Overview
The purpose of the AI Factory collection is to provide a step-by-step process for setting up a simple AI Factory system and getting it up and running quickly, including:
Identifing the minimum hardware and networking requirements for your AI Factory. These baseline specifications also serve as a reference for more advanced deployments. OpenNebula supports high-performance architectures such as InfiniBand, Spectrum-X, and NVLink, although these setups are not automated and require custom configuration.
Follow the step-by-step deployment instructions using OneDeploy to build your AI Factory, with options for both on-premises installations and cloud-based deployments.

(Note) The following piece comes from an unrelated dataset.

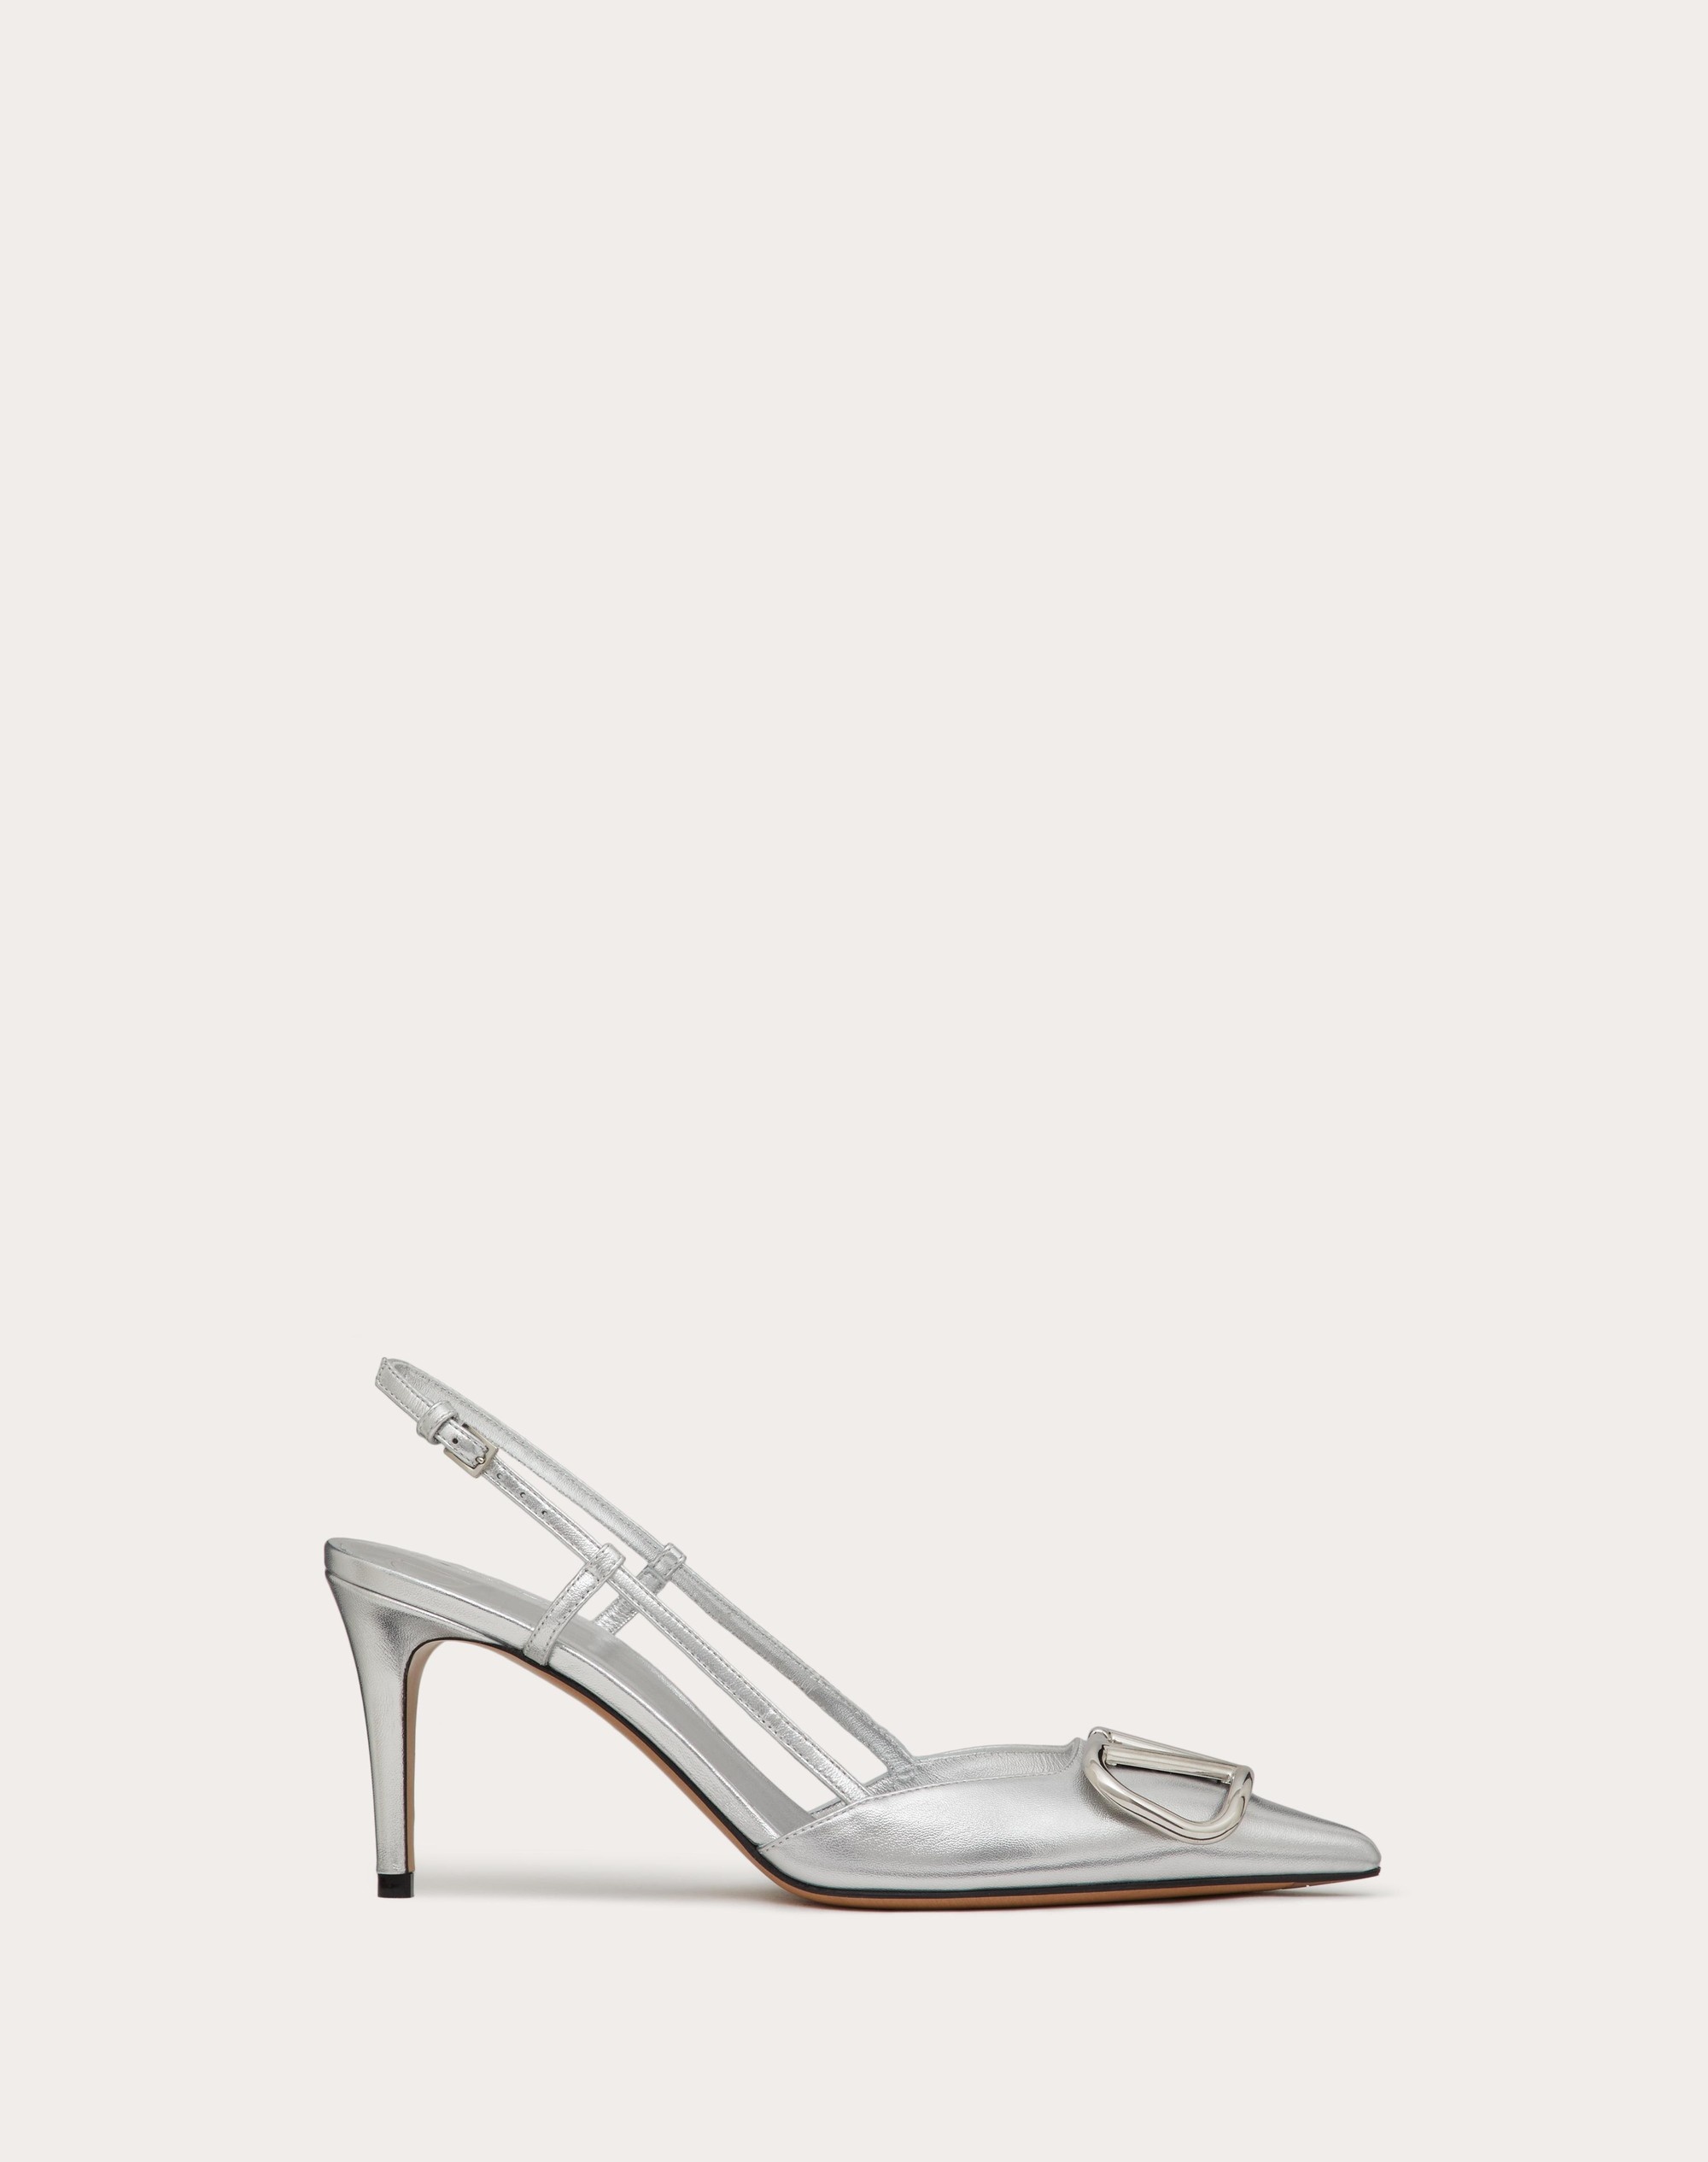 VLOGO SIGNATURE SLINGBACK PUMP IN LAMINATED NAPPA LEATHER 80MM - 1

Optionally validate your setup using the same methodology we apply during formal infrastructure acceptance. This validation focuses on using AI-ready Kubernetes with NVIDIA Dynamo® or NVIDIA KAI Scheduler®.
Basic Outline
Configuring, deploying and validating a high-performance AI infrastructure using OpenNebula involves these steps:
Familiarize yourself with Architecture and Specifications. We recommend to consult the guide on GPU PCI-passthrough for details relating to your GPU hardware and IOMMU.
Deploy and configure your AI Factory with one of these alternatives:
- On-premises AI Factory Deployment: Set up an AI Factory sing OneDeploy for on-prem environments.
- On-cloud AI Factory Deployment: Set up an AI Factory using OneDeply on Scaleway for cloud environments.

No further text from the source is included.